‘Help, not hate’ – How Franklin Graham’s field hospital exposes anti-Christian intolerance

You would have thought that a field hospital set up by a charity and staffed largely by volunteers to help sick individuals in the middle of the COVID-19 crisis would have been universally welcomed, applauded, even celebrated.

Not so, when those running the hospital and treating infected patients are evangelical Christians, it seems.

New York City has been particularly badly affected by the coronavirus, and in March, Governor Cuomo was pleading for people to offer their help.

Samaritan’s Purse, a disaster relief organisation which has helped millions of people over the past 50 years, sprang into action, and partnered with a hospital network to provide extra care for coronavirus patients.

It set up 14 tents in Central Park, a makeshift facility which could accommodate 68 patients at a time. Modest enough, for a city now reporting more than 160,000 confirmed cases. But for the few people it can treat who might not otherwise find a hospital bed, it will make a world of difference. In its first three weeks it treated more than 150 patients.

‘Homophobic and transphobic’

But this isn’t good enough for some.

A group known as Reclaim Pride Coalition has taken offence because Samaritan’s Purse is an evangelical organisation. This means those who choose to volunteer in helping COVID-19 patients believe that marriage is the union of one man and one woman.

The fact that the CEO of the organisation is evangelist and outspoken marriage advocate Franklin Graham has further incensed these activists and their allies.

Samaritan's Purse field hospital in New York

The group marched down to Central Park to wave ‘Help not hate’ placards just yards from the tents of the relief workers.

One asked: “How was this group ever considered to bring their hatred and their vitriol into our city at a time of crisis when our people are fighting a pandemic?”.

Another slandered Graham while cynically dismissing his preaching as “fundraising”: “Franklin Graham, their notoriously transphobic and homophobic leader of their organisation, had an Easter sermon right there in Central Park next to those tents, which I can only imagine was furthering their fundraising.”

“Can you imagine hating religious people so much that you would rather see people suffer and possibly even die rather than allow religious doctors to treat them?”

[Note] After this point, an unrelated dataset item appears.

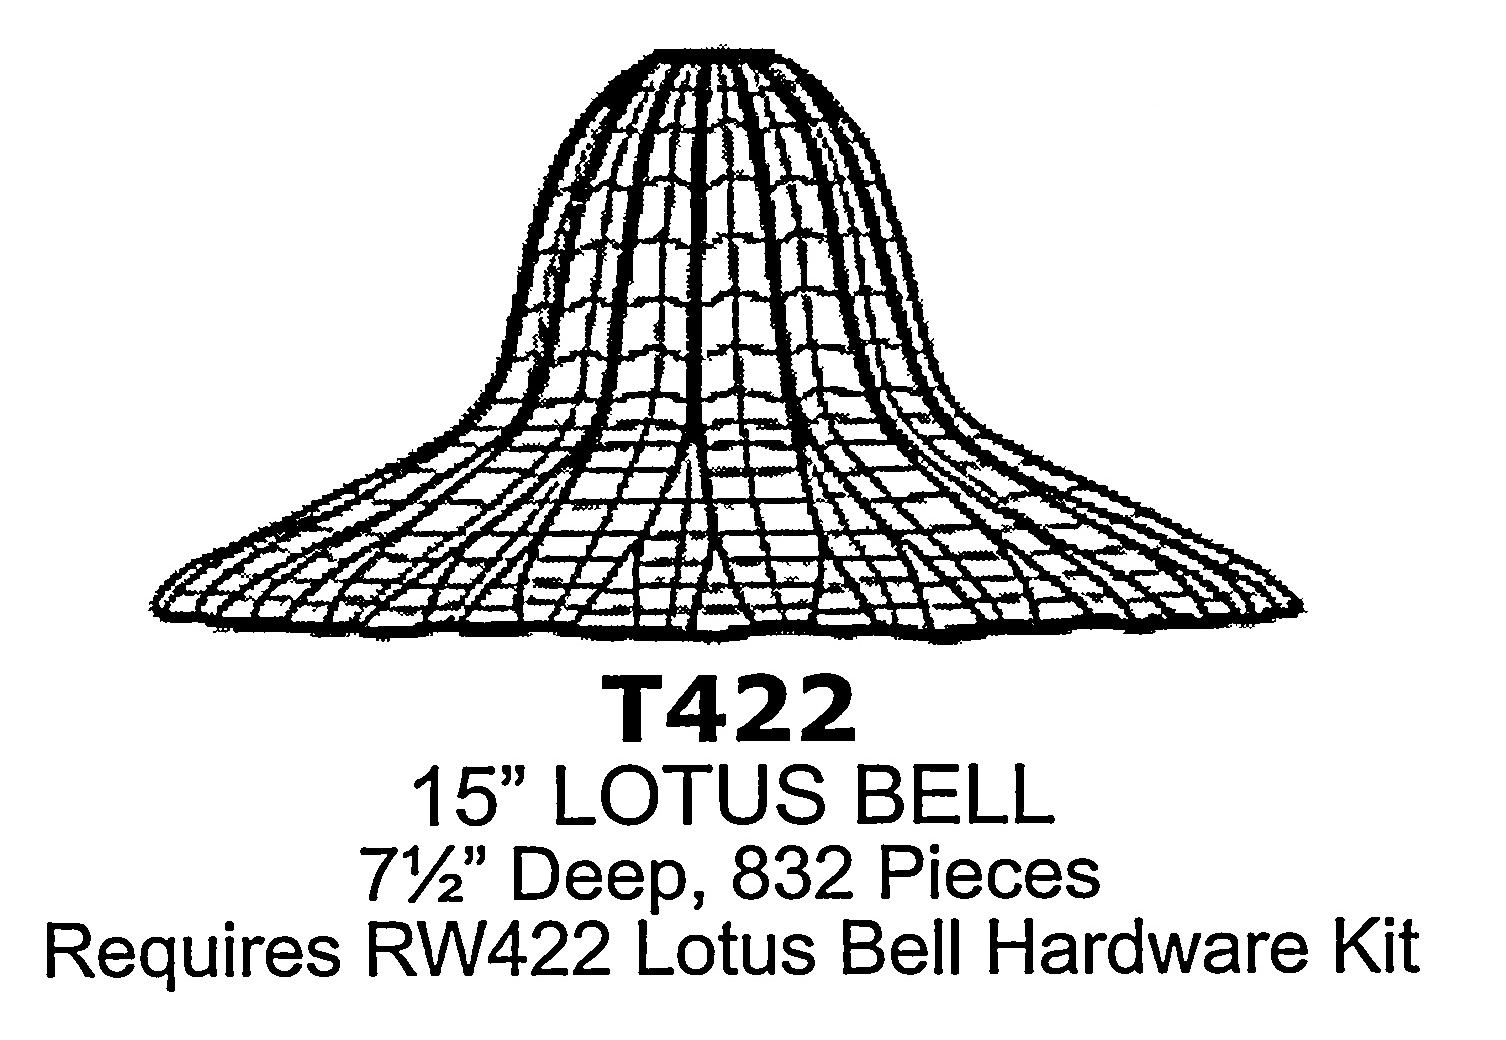 15" Lotus Bell

The outcry from a handful of angry activists prompted politicians to join the fray. Brad Hoylman, a New York State Senator, said the presence of Graham’s field hospital would cause “incalculable” damage to the city.

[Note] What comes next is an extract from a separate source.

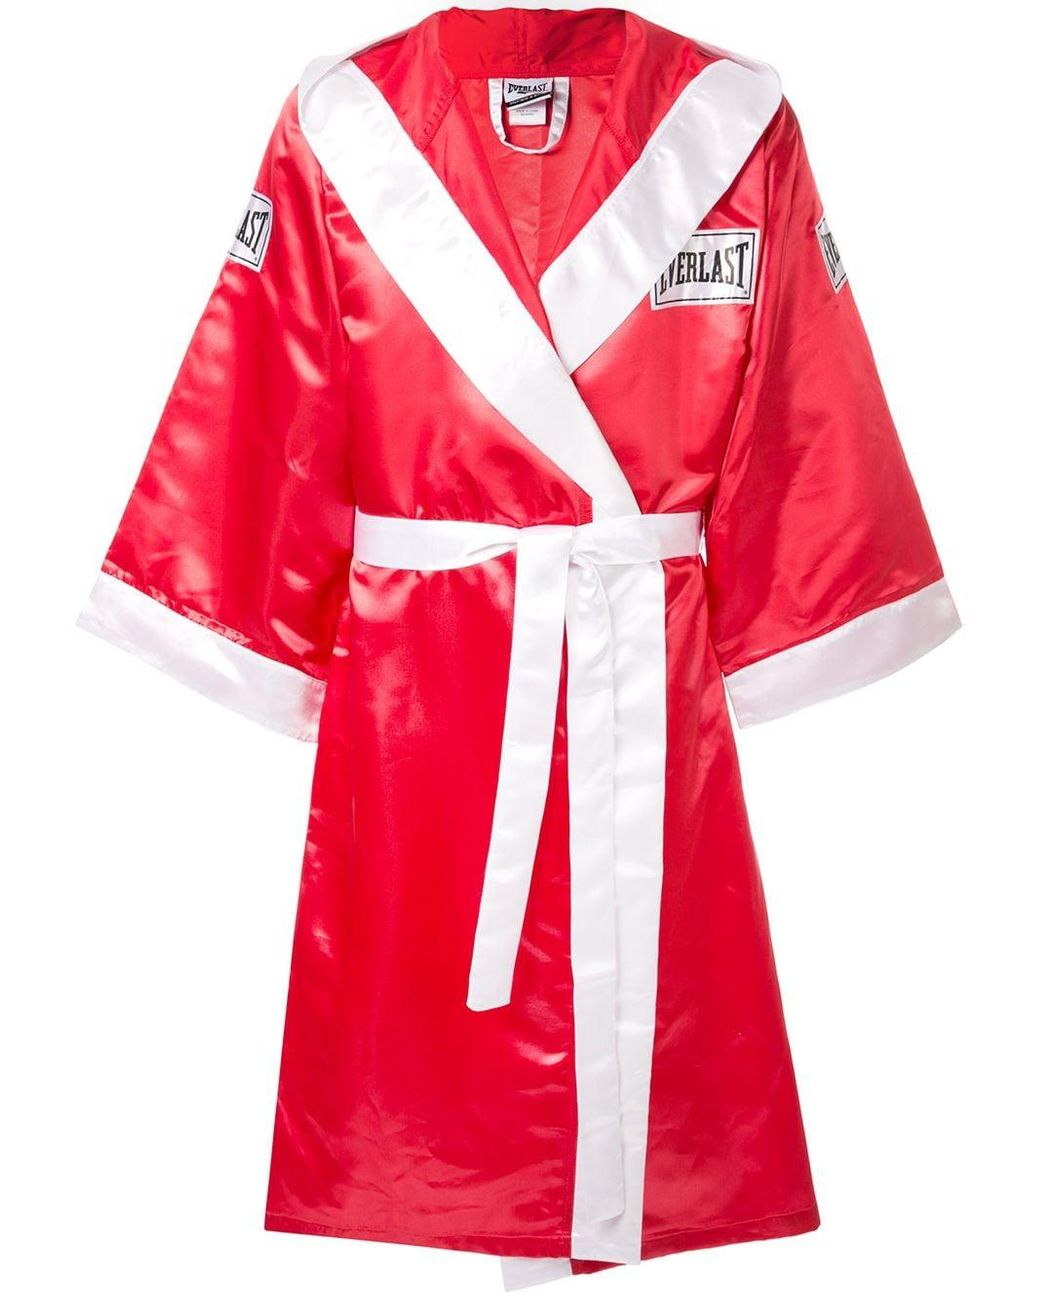 Supreme X Everlast Satin Boxing Robe in Red for Men

“I do fear that we’ve given Franklin Graham a platform in one of the most famous pieces of public land in the country to spew his hatred of LGBTQ people, and unfortunately at the same time legitimise his homophobia”, he added.

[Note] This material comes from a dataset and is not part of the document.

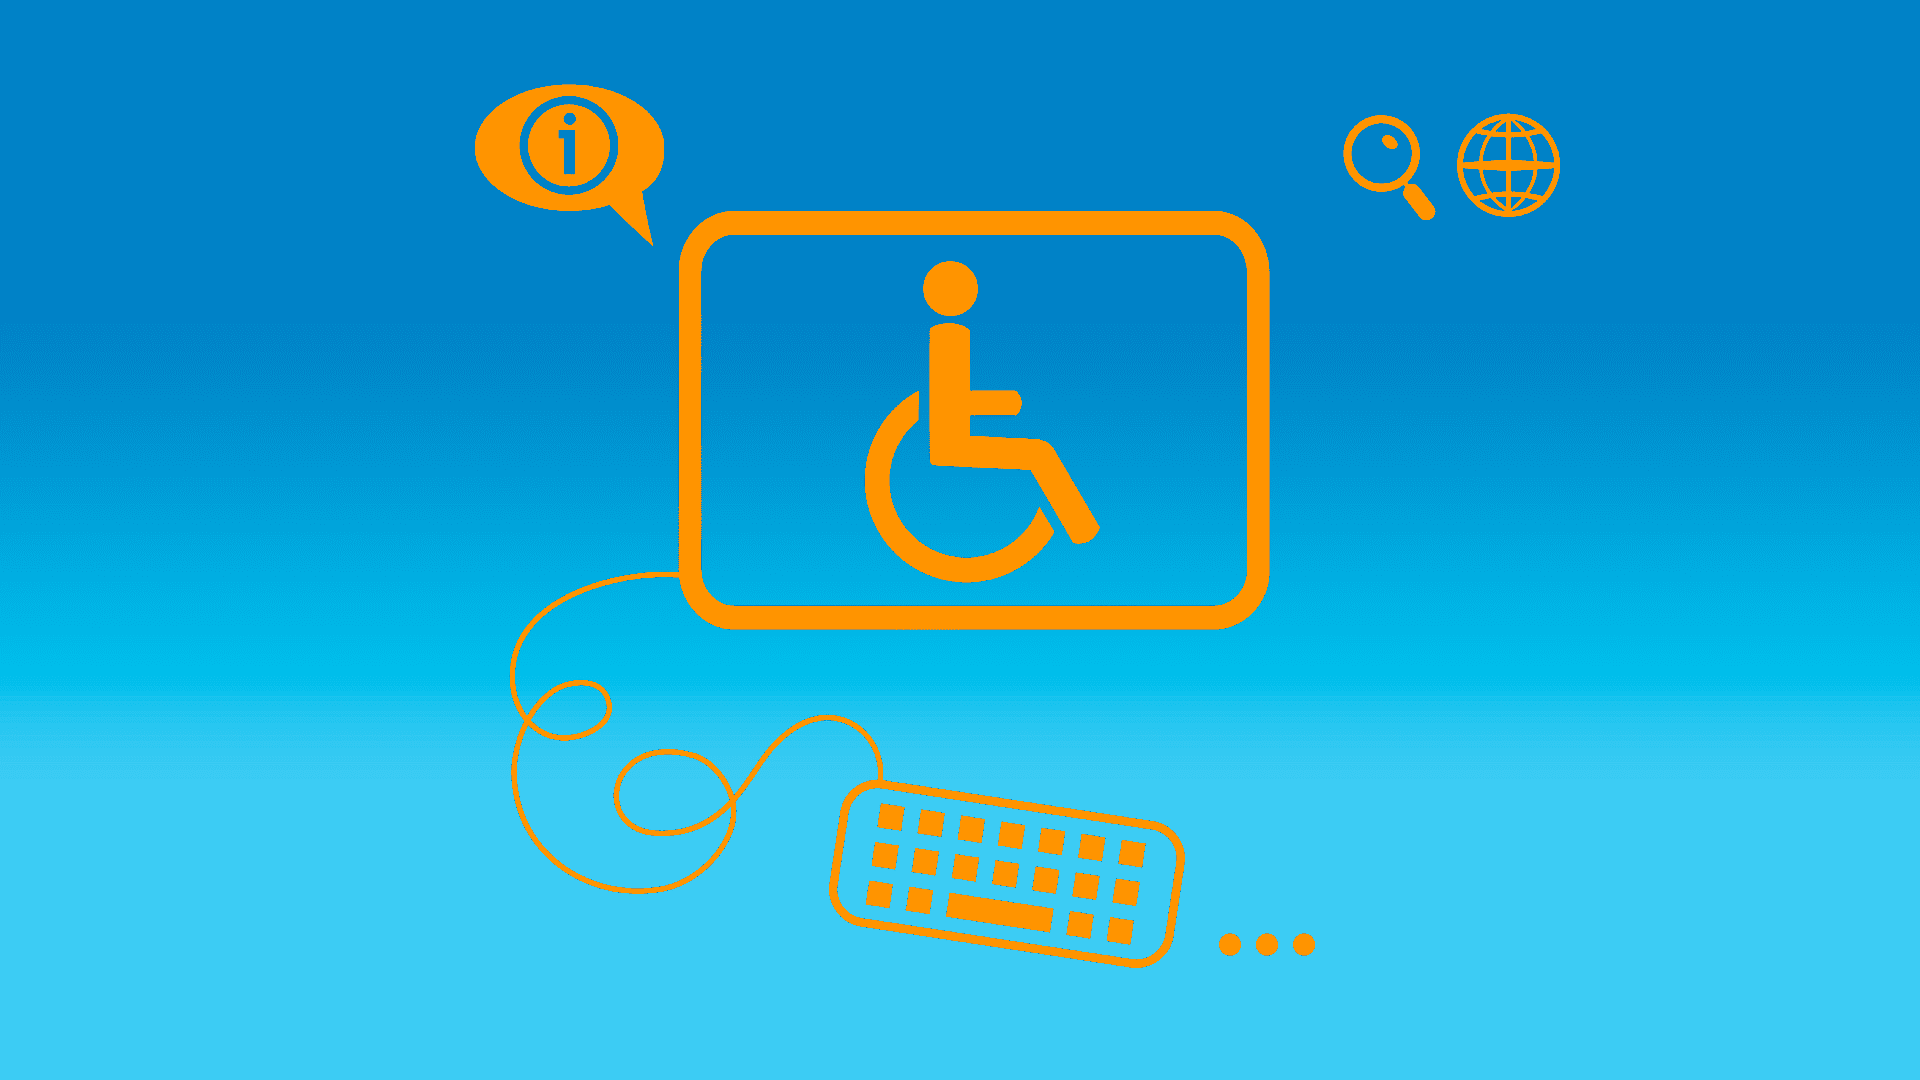 Arte em fundo azul e ícones laranja, ilustrando pauta sobre treinamentos de acessibilidade digital a profissionais de TI. Descrição na legenda, abaixo.

A number of other US lawmakers wrote a public letter sharing their “concern” about the implications the existence of the emergency hospital may have “for LGBTQIA+ New Yorkers with Covid-19”.

They demanded to know how the charity could have been granted use of public land.

By demanding to see non-discrimination agreements, they even went as far as to suggest that the hospital might turn away patients if they were LGBT, as well as expressing concern that “LGBTQIA+ individuals” might choose not to seek medical attention for fear of “potentially facing discrimination”.

Graham has since made a statement confirming the organisation does not discriminate against anyone, and that the protests and the demands for paperwork are actually hindering its ability to care.

Nevertheless, the leader of the New York City Council has now ordered the field hospital to pack up and leave.

Religious illiteracy

This kind of secularist, anti-religious thinking demonstrates the profound lack of understanding some have about evangelical Christian beliefs.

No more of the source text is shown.